In a method of efficiently removing mercury from a liquid hydrocarbon, the liquid hydrocarbon is contacted with water contacted in advance with a crude oil and a sludge contacted in advance with a crude oil. Alternatively, the liquid hydrocarbon is contacted with a substance having ability of ionizing elemental mercury and a sulfur compound having the formula: MM′S, wherein M and M′ are identical or different and are each hydrogen, alkali metal or ammonium group. When the liquid hydrocarbon to be treated contains no dissolved oxygen or contains dissolved oxygen in an amount in equilibrium with a gas containing 8% by volume of oxygen, the increase in the mercury concentration of a liquid hydrocarbon after the removing treatment is effectively prevented.

Description

BACKGROUND OF THE INVENTION
1. Field of the Invention
The present invention relates to a method of removing mercury, and more specifically, to a method of efficiently removing mercury in a simple manner from a liquid hydrocarbon containing mercury.

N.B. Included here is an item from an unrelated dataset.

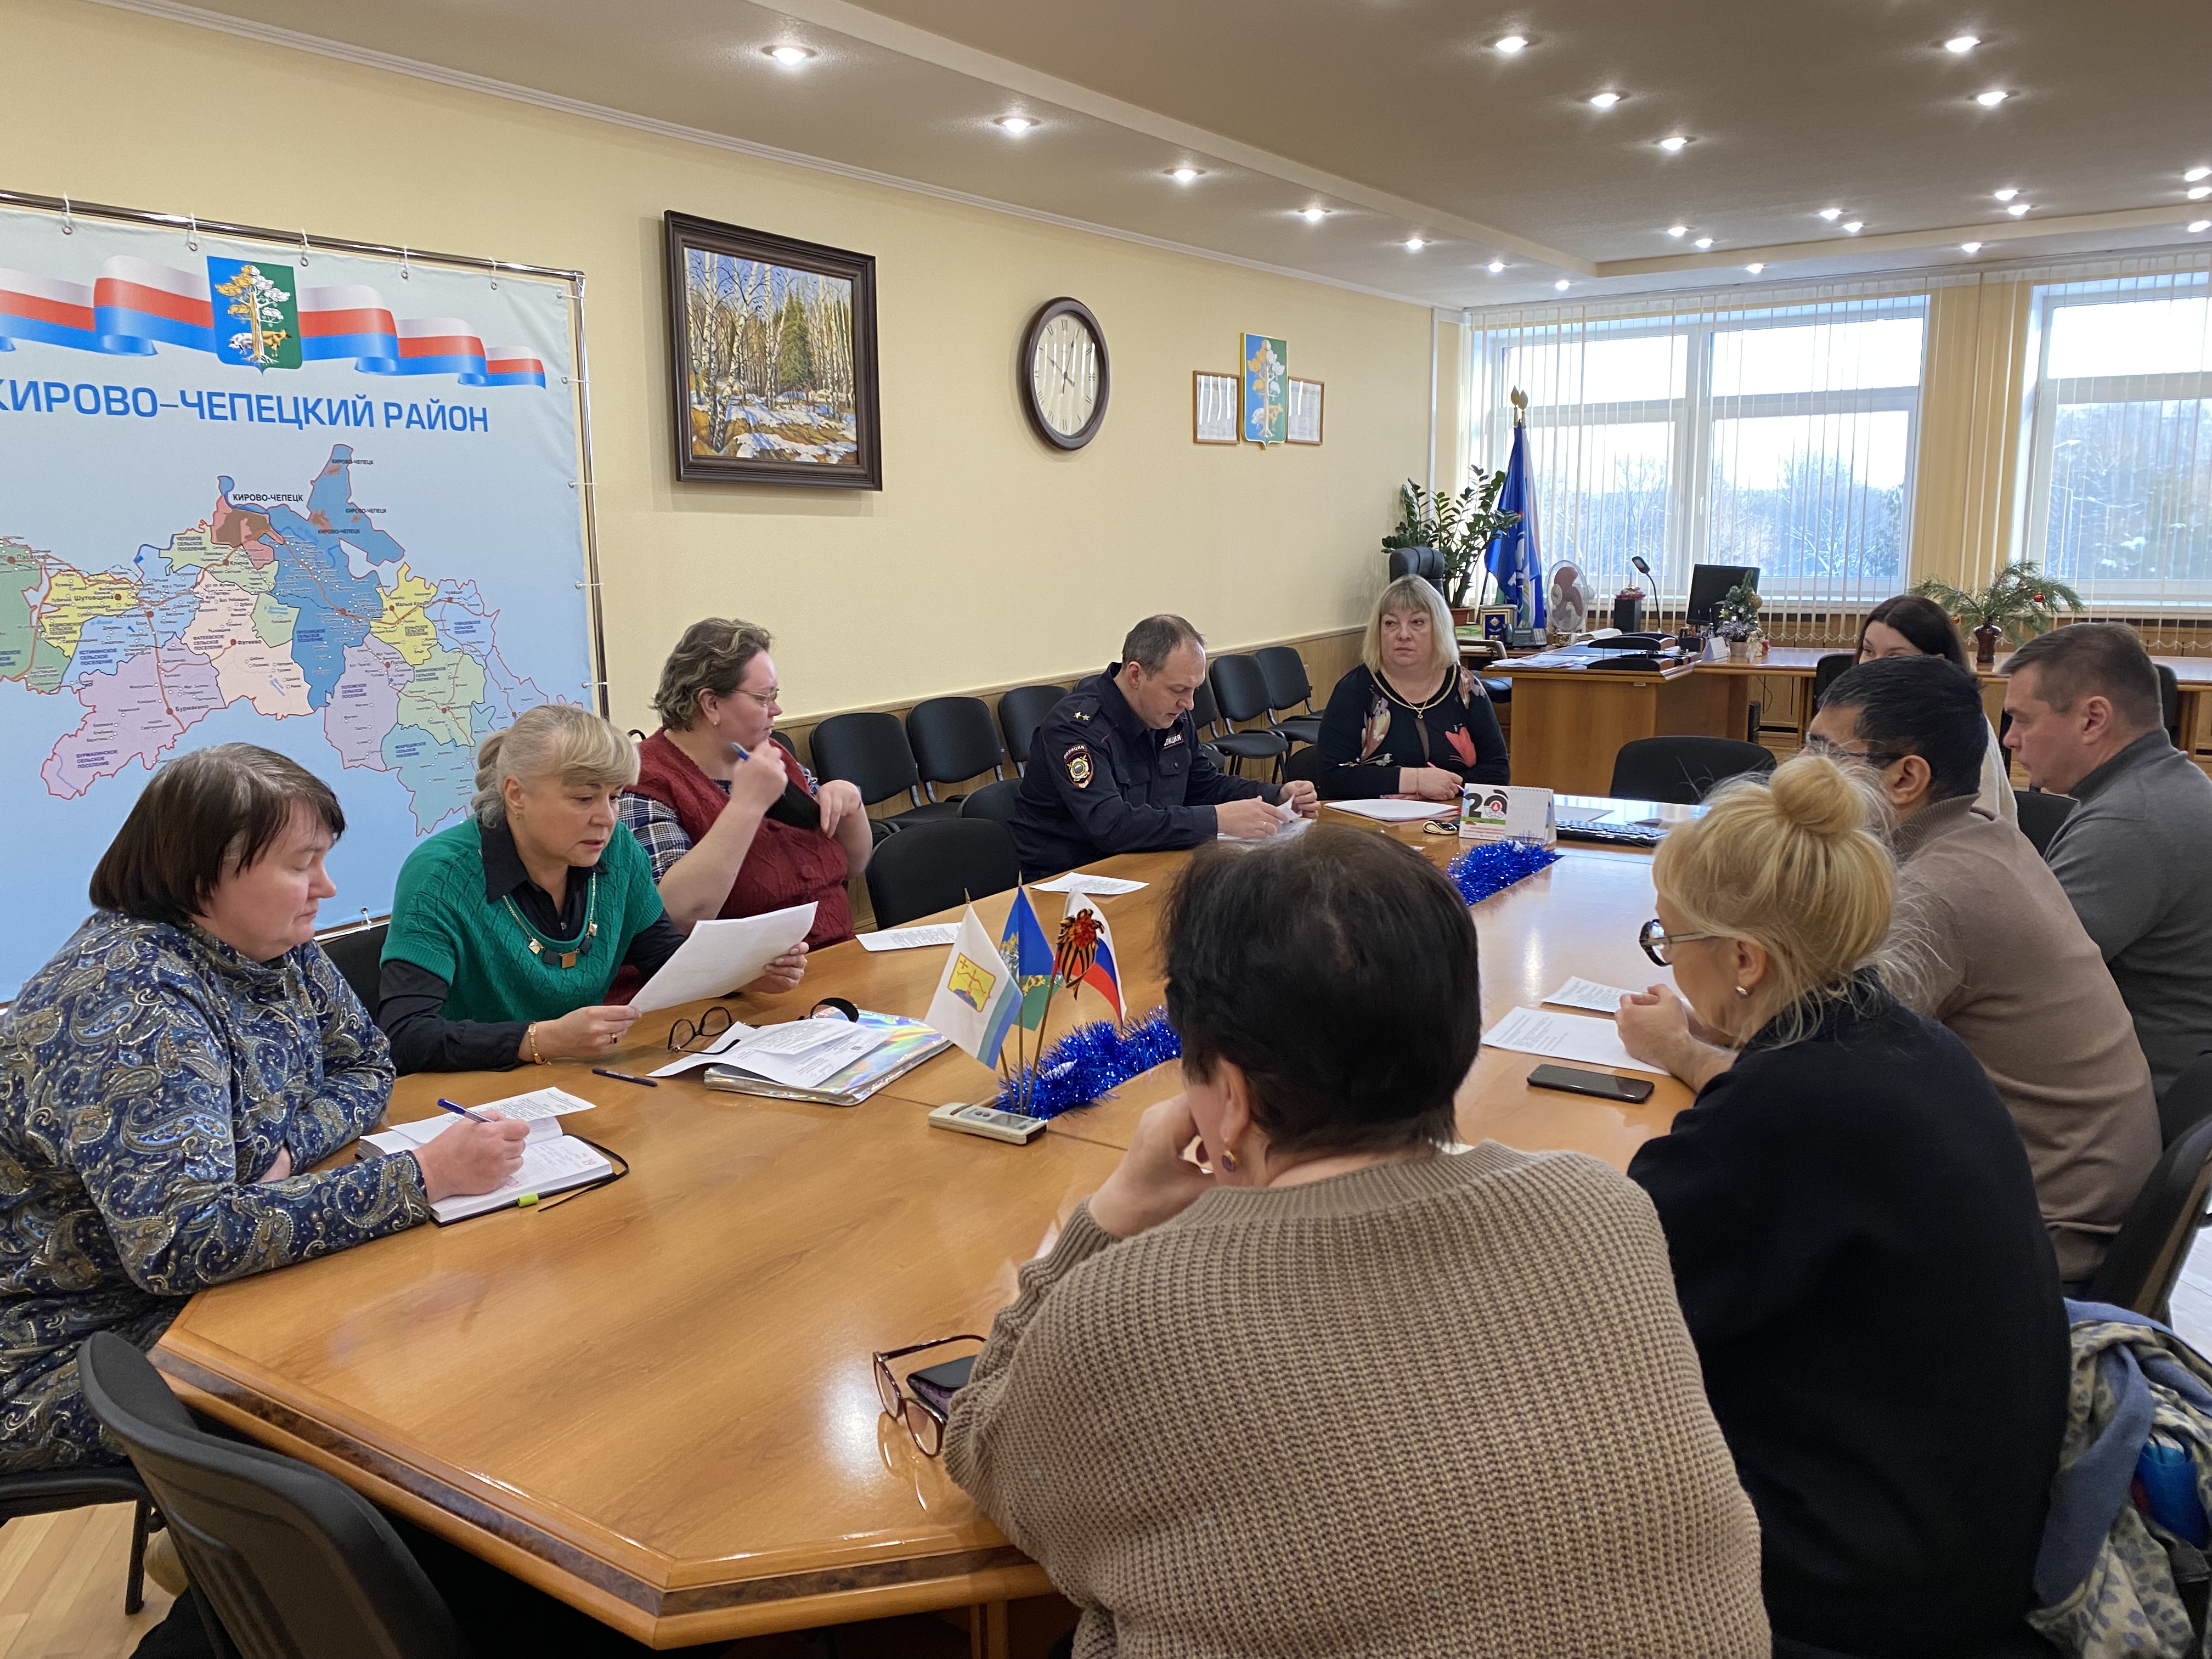 Состоялось заседание координационного совета по профилактике преступлений и правонарушений и антинаркотической комиссии Кирово-Чепецкого района.

2. Description of the Prior Art
Natural gas liquid (NGL), also referred to as natural gas condensate, obtained by removing liquefied petroleum gas from a natural gas-field product generally contains mercury in about 2 to several thousands ppb, although depending on the production areas. Therefore, liquid hydrocarbons obtained by distilling NGL often contain mercury.
When a liquid hydrocarbon containing mercury is used as row chemical materials, mercury therein deteriorates the catalytic activity of a hydrogenation catalyst or corrodes materials of apparatus because mercury forms amalgams with the catalyst components and materials of apparatus such as palladium, platinum, copper, aluminum, etc. In addition, the presence of dissolved oxygen absorbed due to NGL-air contact temporarily decreases the mercury concentration of NGL by changing the dissolved mercury to insoluble mercury in NGL. However, the insoluble mercury becomes soluble in NGL with the passage of time to increase the mercury concentration of NGL again.
Therefore, it has been keenly desired to develop a method of efficiently removing mercury from liquid hydrocarbons while preventing the mercury concentration from increasing again.
Japanese Patent Publication No. 7-91544 discloses to remove mercury using an adsorbent comprising a copper halide supported on a carrier such as activated clay. Although the mercury concentration of the treated liquid hydrocarbon is reduced to 4 to 6 ppb in some cases, only reduced to about 60 to 80 ppb in most cases. In addition, the production of the adsorbent requires many production steps such as carrying, drying and sintering steps. Further, the adsorbent is susceptible to change in its properties due to several factors to adversely affect the removal efficiency of mercury from the liquid hydrocarbon. Thus, an adsorbent having a stable mercury adsorptivity has been difficult to prepare.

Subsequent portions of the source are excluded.